We in the West are living through what I call “pessimism paralysis”3—a collective despair toward the digital so deep it borders on impotence. Meanwhile, the rest of the world leans in. In my two decades of fieldwork across the Global South—from favelas in Brazil to classrooms in India—I’ve witnessed excitement, not fear. People are experimenting with AI not because they are naive but because they are rational optimists: they see a new tool to confront old problems they face daily–corruption, poverty, joblessness, injustice.
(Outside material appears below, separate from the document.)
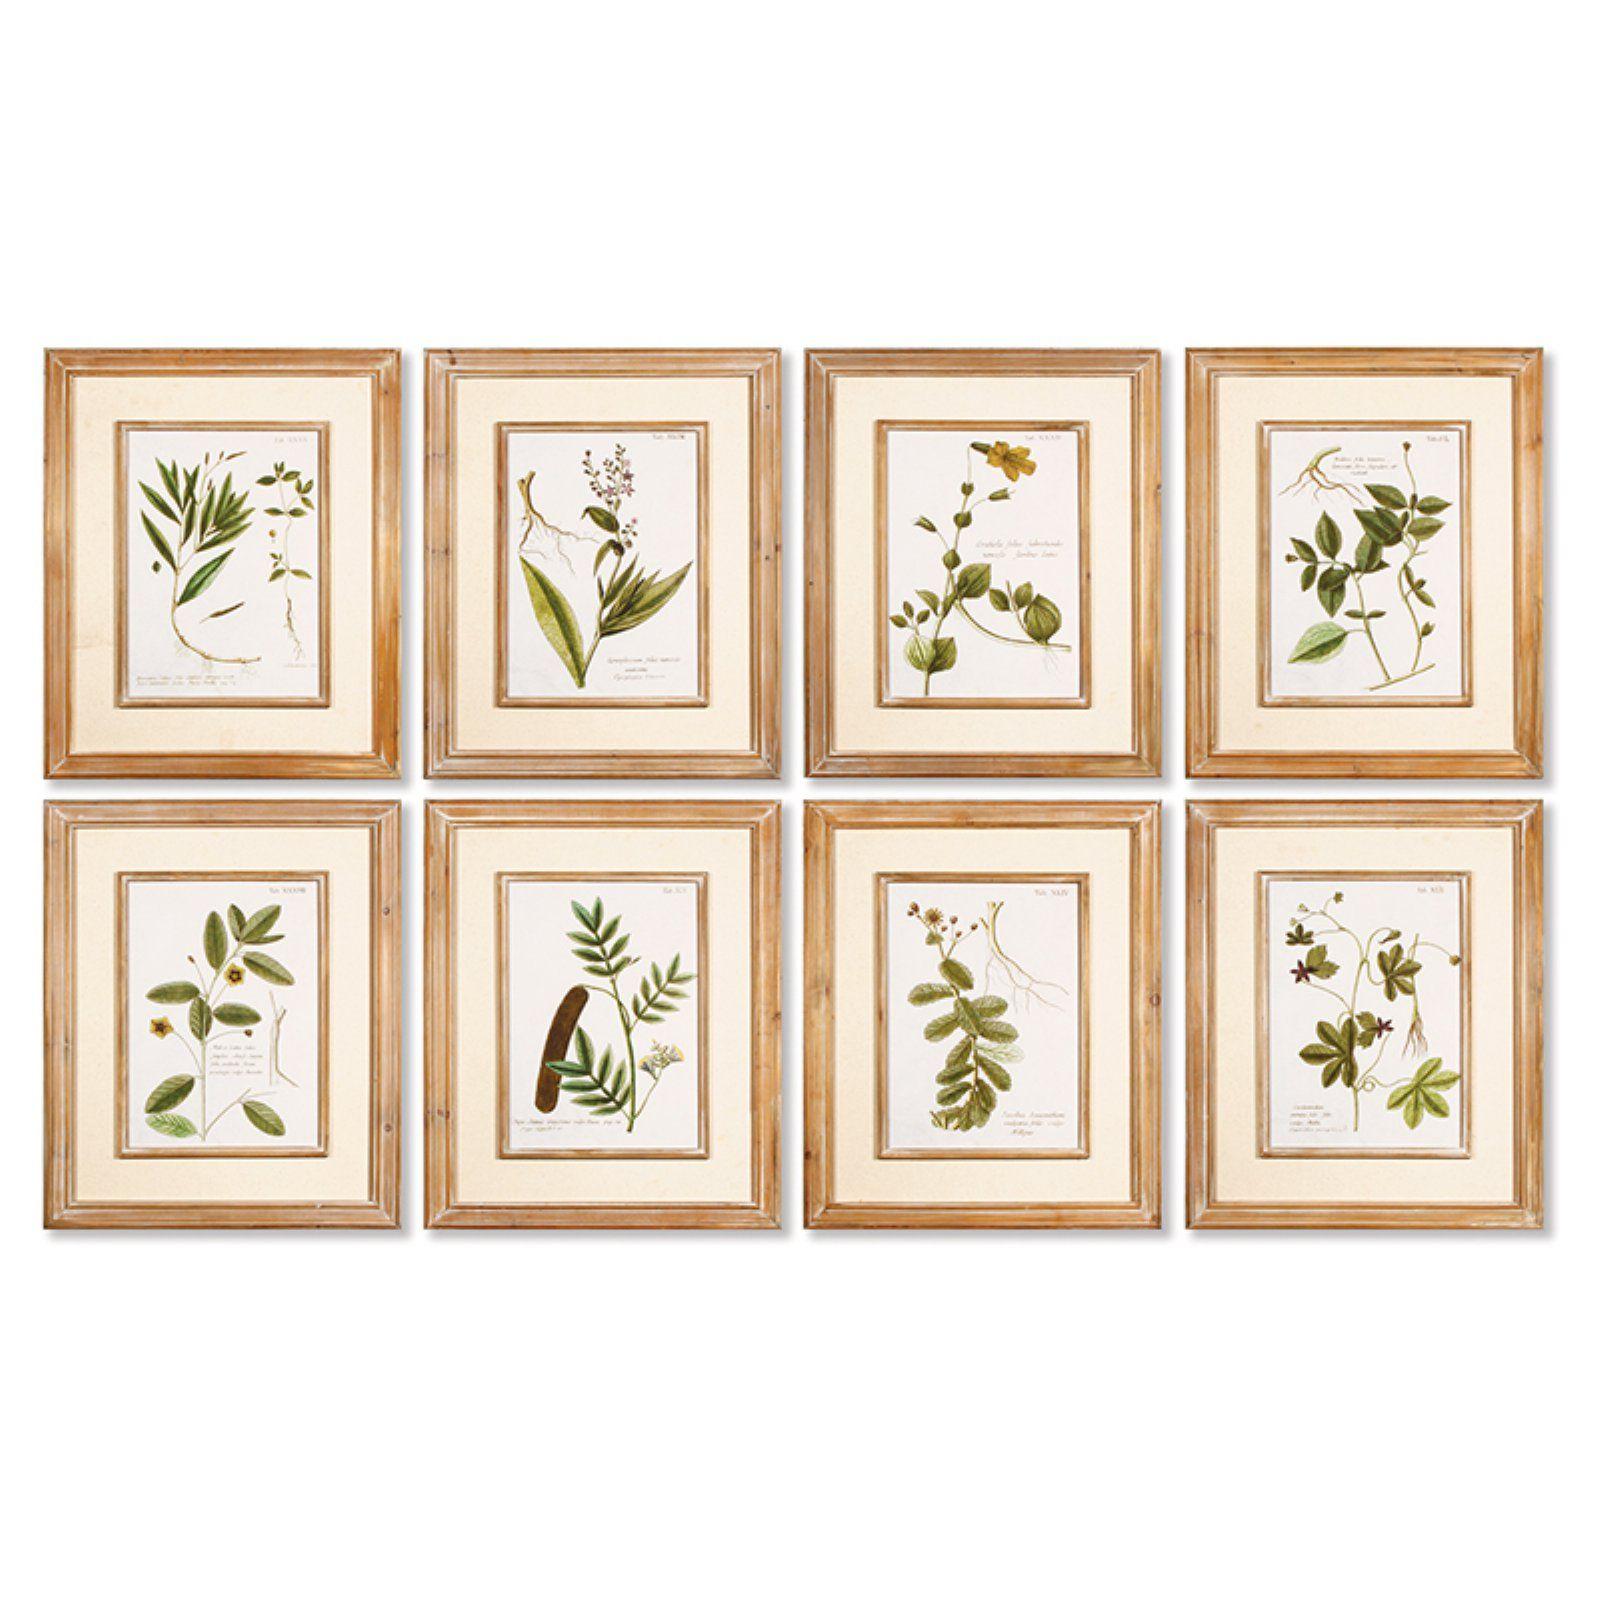 Napa Home and Garden 8 Piece Spring Botanical Print Wall

Pessimism is a privilege for those who can afford to despair. Tech optimism is not blind faith in machines; it is faith in ourselves—in our ability to adapt, create, and act with care, bending AI to our will. Perhaps it is time the West learned from the rest of the world how to approach technology with grounded hope.


People across the Global South are experimenting with AI not because they are naive but because they are rational optimists: they see a new tool to confront old problems they face daily–corruption, poverty, joblessness, injustice.


Paternalism Pathology

When I ask my media studies students about AI, the responses are often sharp: harmful, extractive, deceptive. Some want to opt out entirely. With Big Tech, they don’t want a seat at the table—they want to blow up the table. Universities have built this ecosystem of fear. We teach resilience instead of reinvention, compliance instead of curiosity. Students now sign “Scientific Integrity Awareness Statements” pledging how they’ll use generative AI—turning educators into enforcers and learners into risk managers.
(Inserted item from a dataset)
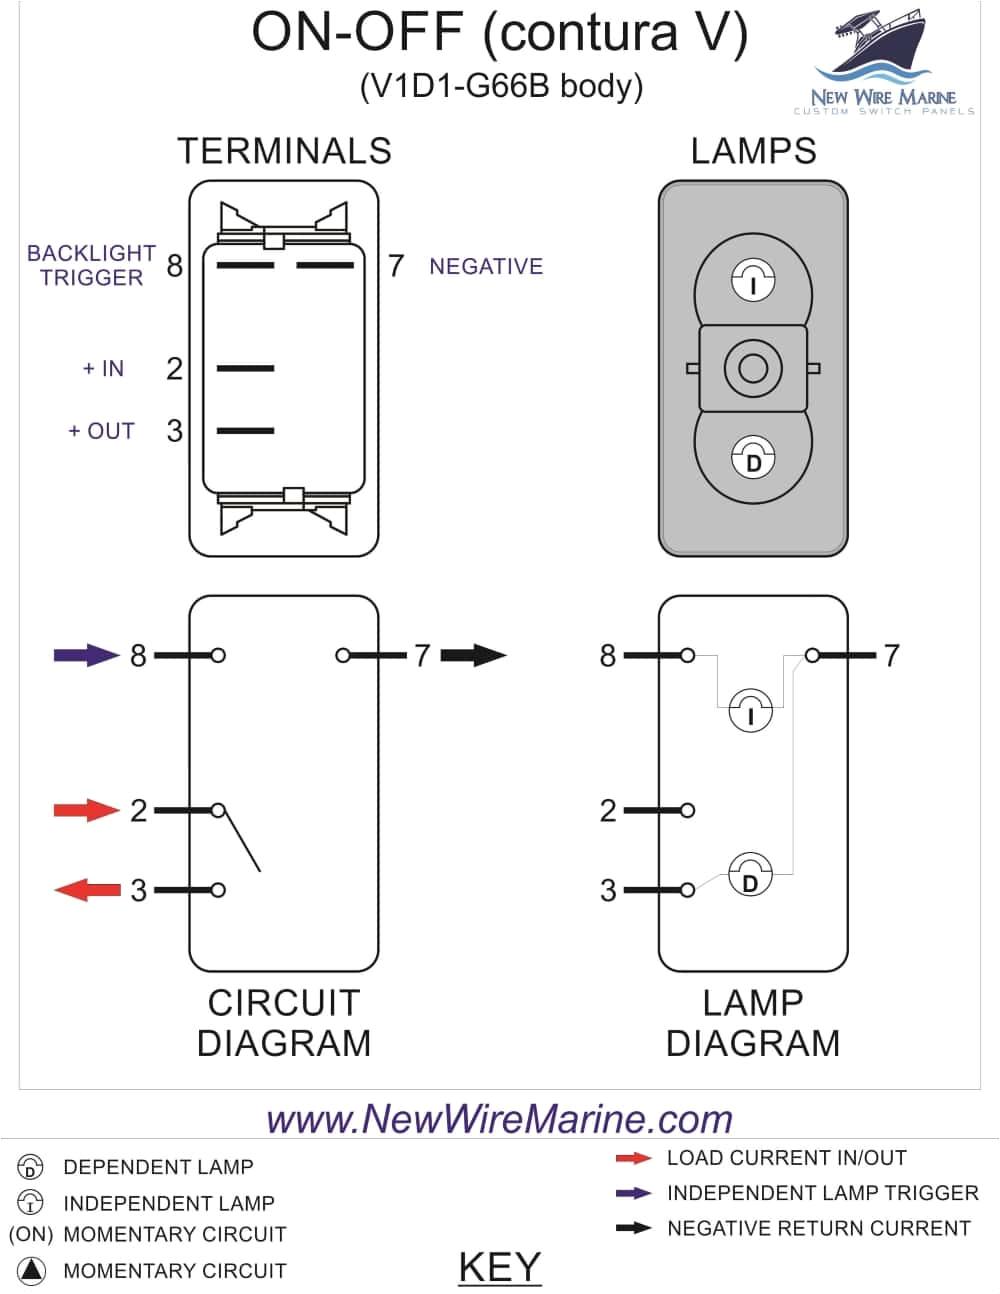 12 volt rocker wiring diagram free picture blog wiring diagram pin dpdt switch circuit diagrams on pinterest

We preach resistance to AI for the Global South while drafting our manifestos on MacBooks and scheduling our revolution on Google Calendar.4 At a global conference, I asked a room of self-declared Marxists to raise a hand if they didn’t use Microsoft, Apple, Google, or Meta—not a single hand went up. We enjoy the luxury to romanticize alternatives we ourselves don’t live by, while we induce guilt and shame in those we claim to protect for using these tools for their self-actualization and mobility. Even in global tech policy circles, anxiety dominates. At a recent think tank meeting where I sit on the board, an aid-agency veteran asked whether “connecting the unconnected” fuels the data extraction machine. The paternalism was familiar: those of us in the West are assumed more resilient than people less connected in Burundi or the Central African Republic, who must be “protected.” But that logic forecloses possibility.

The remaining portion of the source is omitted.